The repercussions would eventually lead to a military coup in 1967
that ushered in a repressive regime. Costa-Gavras released Z
in 1969, and the ruling cabal promptly banned the film. It’s a
rather talky film, but entertaining nonetheless, and one certainly
worth catching. WON: Best Foreign Language Film
(Algeria), Best Film Editing (Francoise Bonnot). NOMINATED:
Best Picture (Jacques Perrin, Ahmed Rachedi),
Best Director (Costa-Gavras), Best Writing,
Screenplay Based on Material from Another Medium (Jorge
Semprun, Costa-Garvas), 1970.
February
27: Speaking
of politics, we return this day to a film made during the prehistoric
days of talkies, when the microphone –
and the acting – was static. But don’t let that hold you back,
especially when the film is Disraeli (airing
at 8:45 am), and its star is the great George Arliss. In this remake
of his 1921 silent take on the subject, Arliss is marvelous to watch,
and the addition of sound makes him even more appealing as the famous
English prime minister, who in this film uses all his skills to
prevent Russia from dominating British India, which he accomplishes
by blocking the efforts of a well-placed female spy and secretly
purchasing control over the Suez Canal.
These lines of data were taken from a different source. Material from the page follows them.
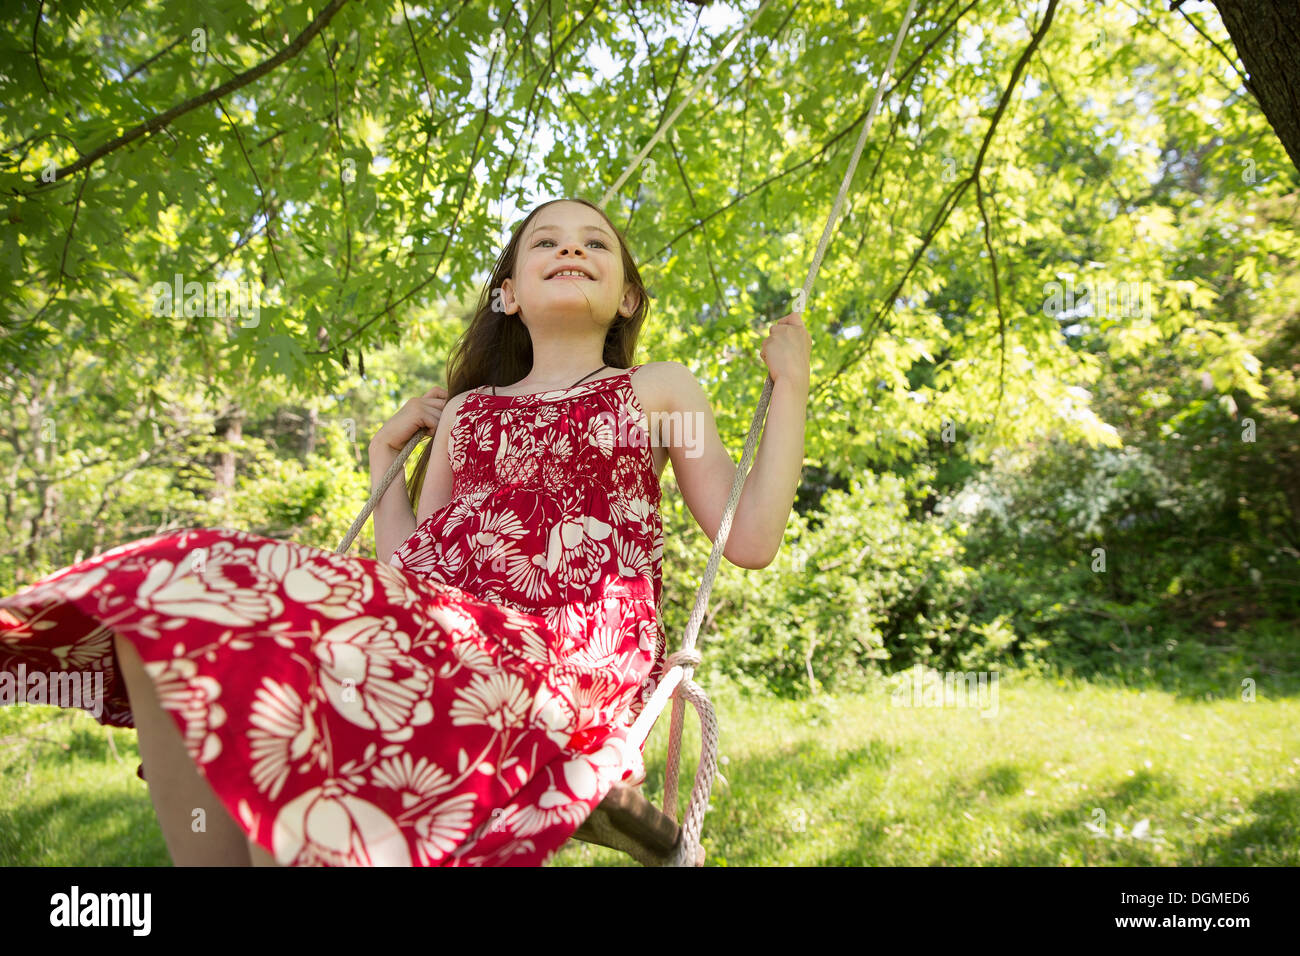 Summer. A girl in a sundress on a swing suspending from the branches of a tree. Stock Photo
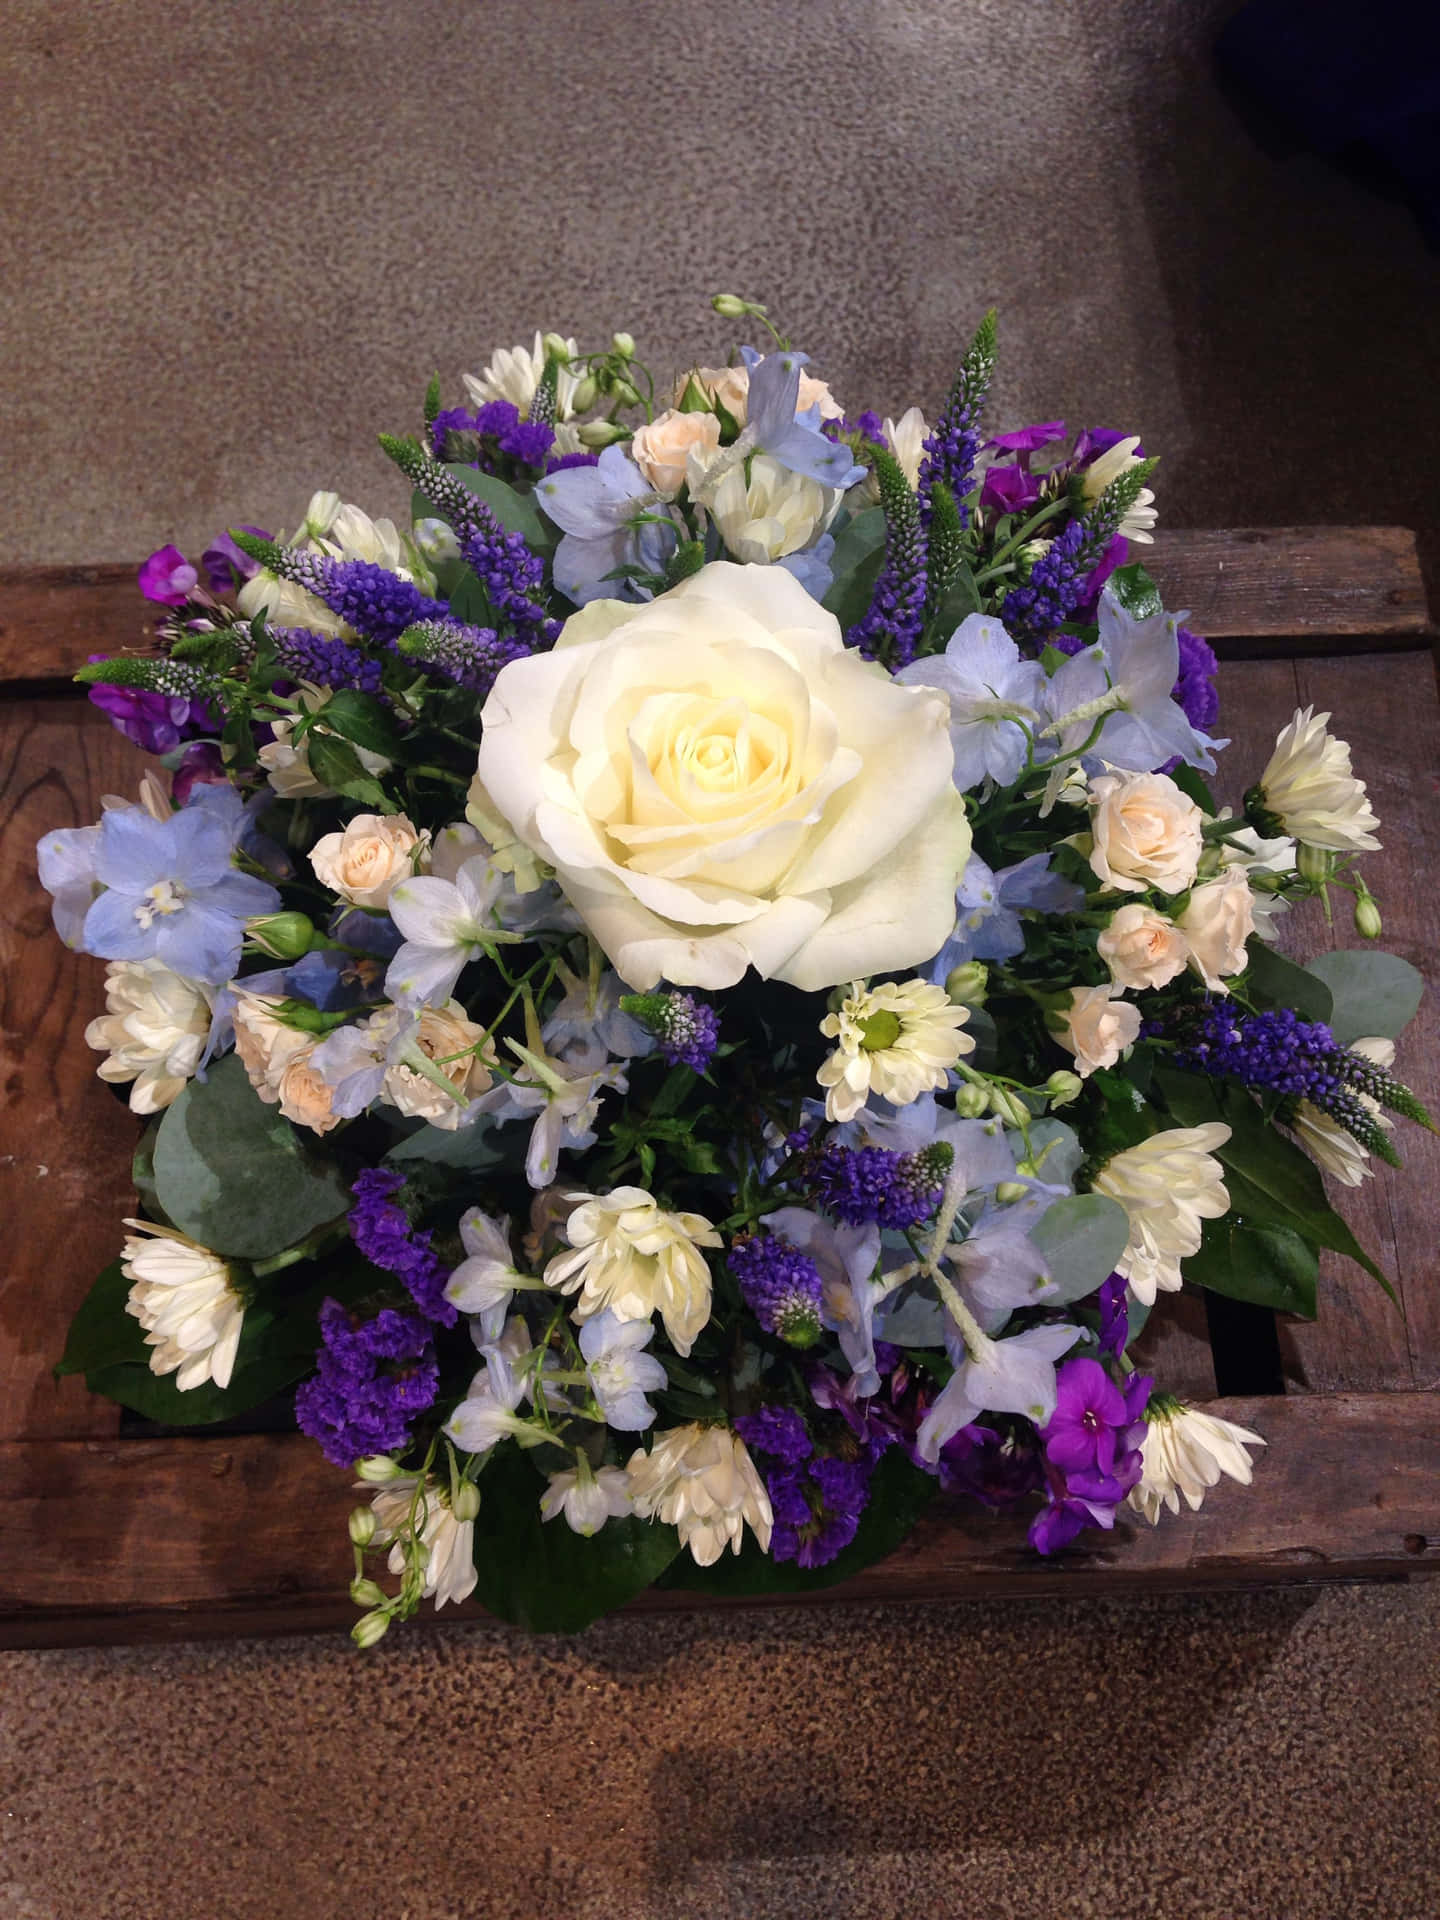 Colorful floral funeral arrangement to commemorate a loved one
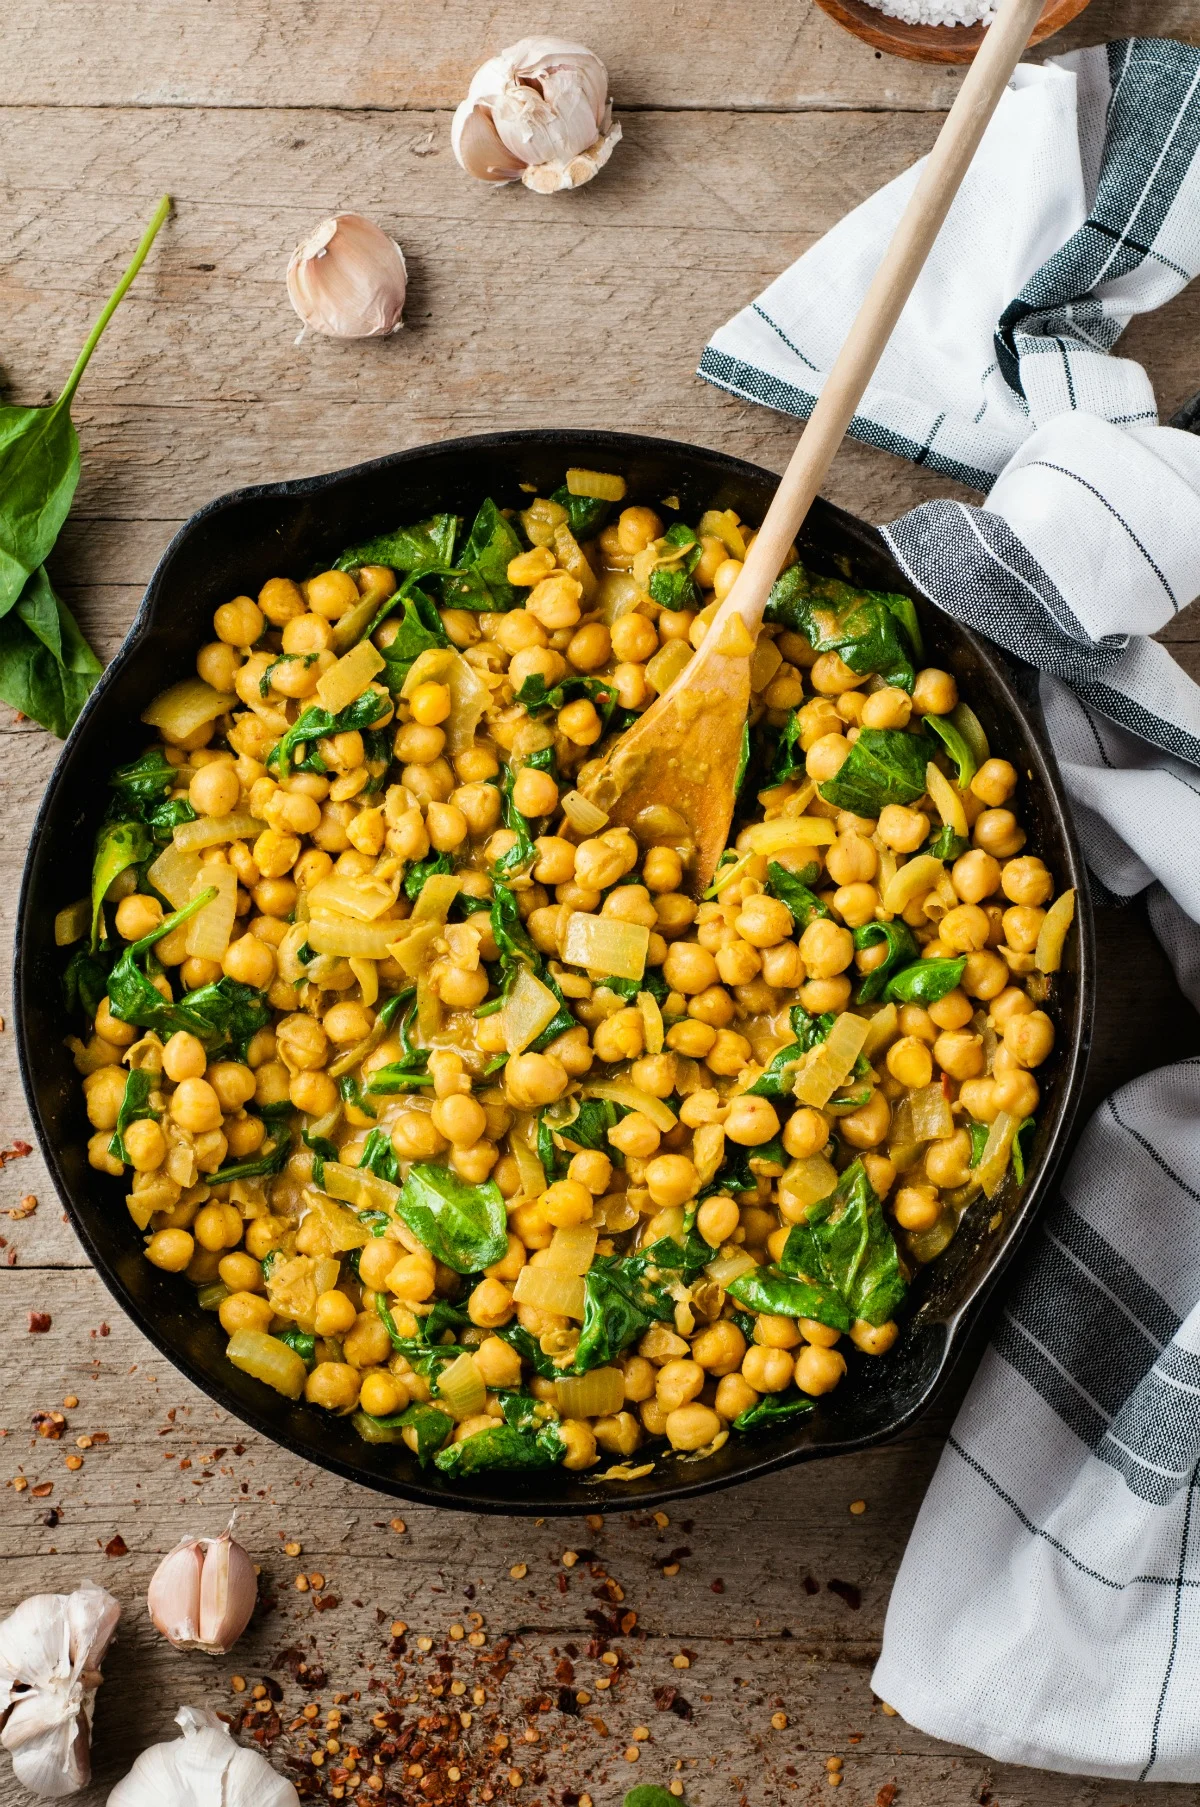 Fragrant and creamy Chickpea Curry is a vegetarian meal that comes together in under 30 minutes! Made with coconut milk and curry spices, this may become your new favorite weeknight meal.

And if that wasn’t enough,
Disraeli still finds time to play matchmaker to Charles – Lord
Deeford (Anthony Bushell) and Lady Clarissa Pevensey (Joan Bennett).
The great prime minister was a secret yenta. While the film itself
should be taken with a grain of salt, it is noteworthy as a showcase
for the many talents of George Arliss, who had played Disraeli on
stage as well as film. No matter what he’s in, Arliss is always
worth watching. WON: Best
Actor (George
Arliss). NOMINATED: Best
Picture, Best Writing, Achievement (Julien
Josephson),
1930.
February
28: On this last day of the month we bring attention to a
film that was not only a 180-degree turn for its star, Robert
Montgomery, but was also a breakout role of sorts for his starlet
co-star. The film is 1937’s Night
Must Fall (playing at 7:15 am). It’s the story
of a young woman who slowly comes to the realization that the brutal
killer stalking the countryside is none other than the genial
handyman her curmudgeonly aunt had recently hired. Montgomery is
terrific as the killer, Danny, who charms his way into the household
of Mrs. Bramson (Dame May Whitty) by playing on her vanity.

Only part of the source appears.